Не понимая до конца, в чем его ошибка и промах, Метро положил на ковер подушку, между двух горящих коптилок. Ордена светились на подушке, словно где-то рядом, бездыханный, лежал их хозяин.
– Третий тост, мужики, не чокаясь. Хотя вроде и не то, что надо, налито. – Пулеметчик Мочалкин, по кличке Мочило, встал с ковра на коротких кривоватых ногах, поднял хрустальный, с красным напитком бокал. Все встали, отбрасывая на стены и потолки ломаные тени. Держали бокалы, в краткие секунды молчания поминая погибших товарищей.

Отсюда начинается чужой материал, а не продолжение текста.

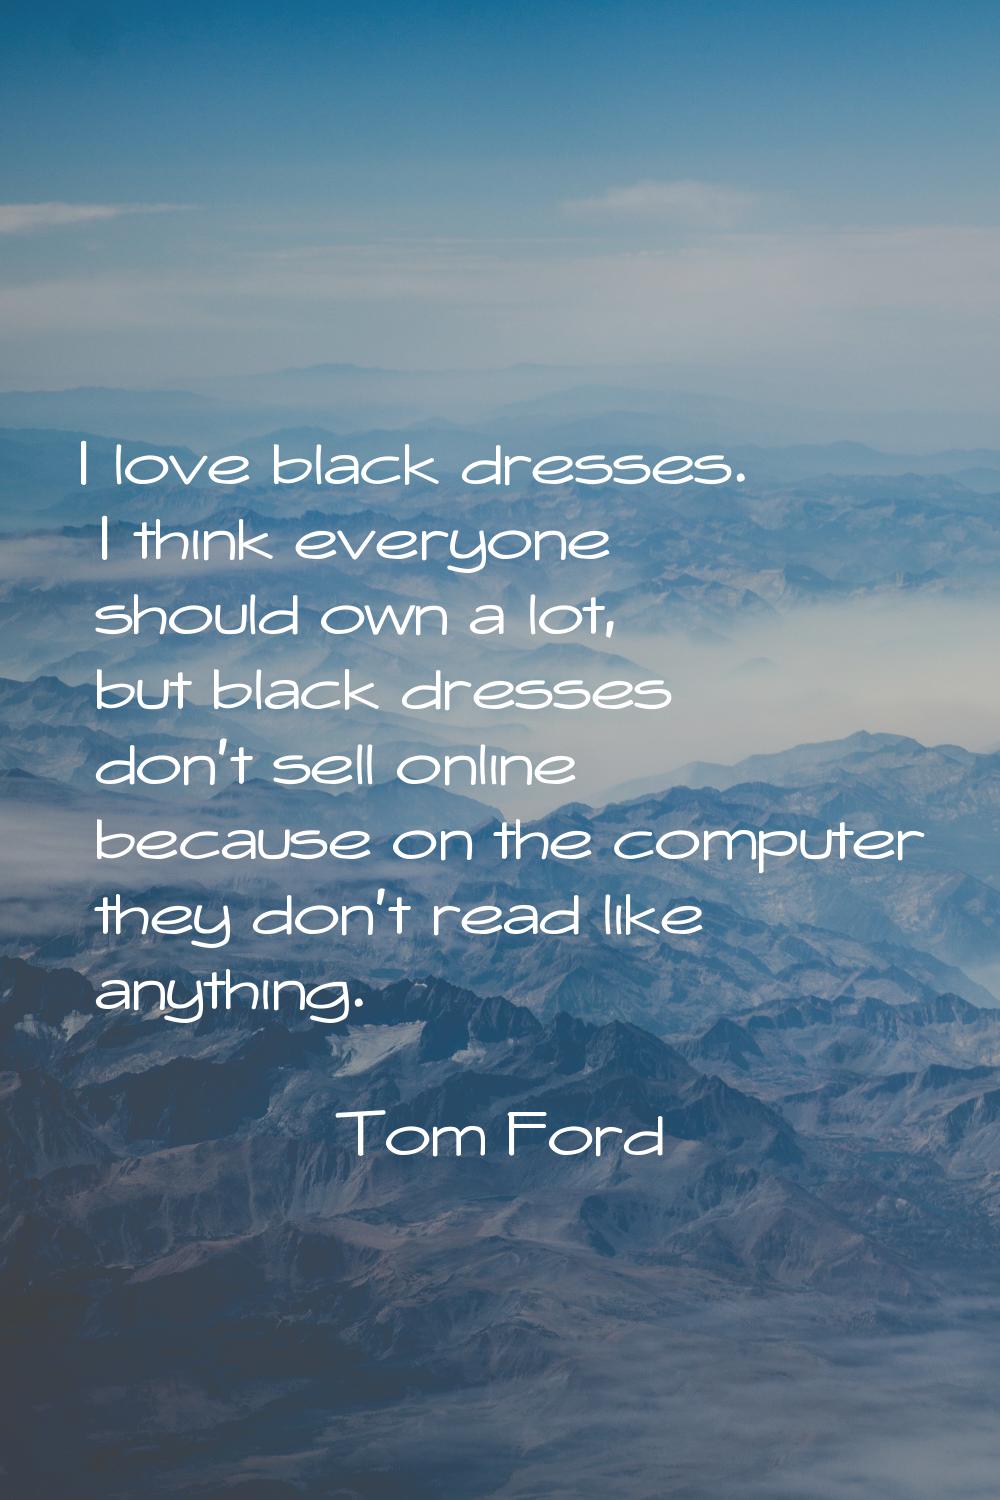 I love black dresses. I think everyone should own a lot, but black dresses don't sell online becaus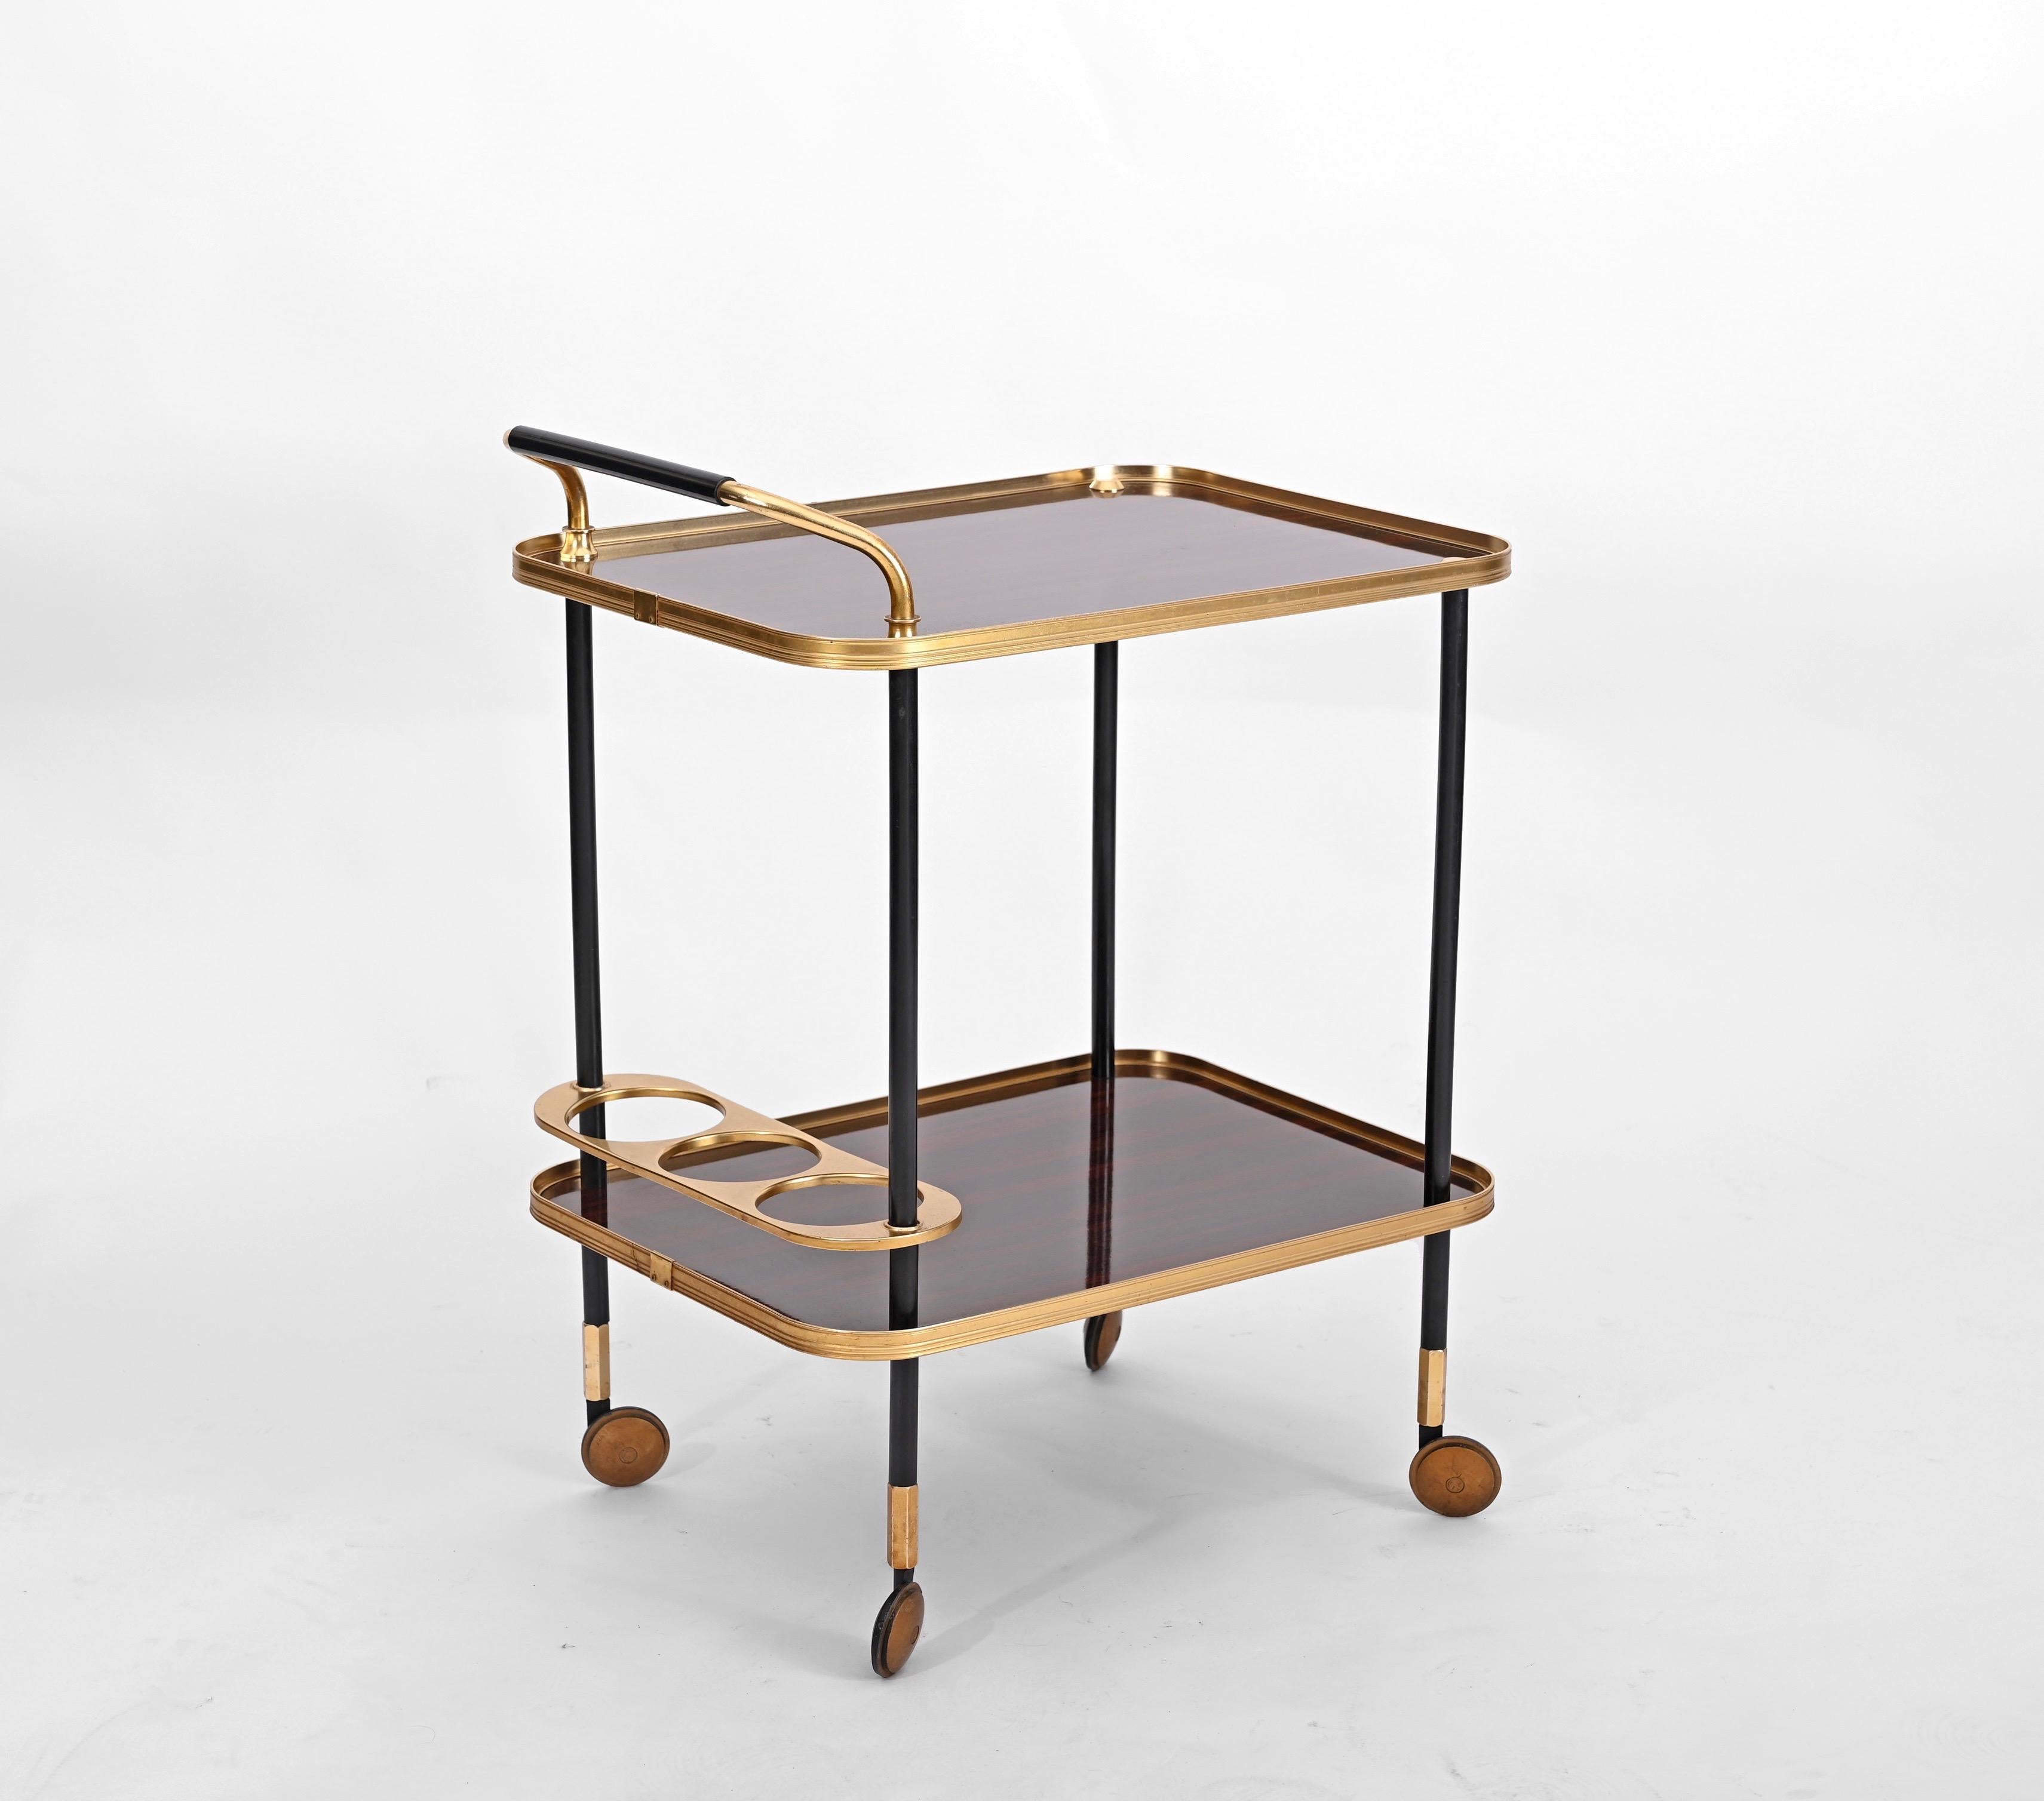 Italian Ico Parisi Bar Cart with Bottle Holder, Formica and Brass, MB Italy, 1960s

Пушков, наступив ботинками на мохнатую бахрому ковра, глядя исподлобья на светильники, на ордена, на нетронутый красный бокал, прикрытый корочкой хлеба, вспомнил своих солдат, погибших во время штурма. Механика-водителя Савченко, чья веснушчатая рыжеволосая голова, похожая на лукавую лисью мордочку, высовывалась из люка машины. Санинструктора Молчанова, что сутуло бежал среди рытвин, придерживая санитарную сумку. Автоматчика Хрусталева, медлительного деревенского увальня, сидящего перед печкой, брызгающего струйки солярки на сырые чурки. Он вспомнил их не убитыми, не лежащими на железном днище в санитарном транспортере. Не их открытые оскаленные рты и недвижные глаза. А живые лица, которые улыбались, шевелили теплыми губами, моргали глазами. Взвод нес потери. Он, комвзвода, идущий в бой в первой линии, видел гибель каждого.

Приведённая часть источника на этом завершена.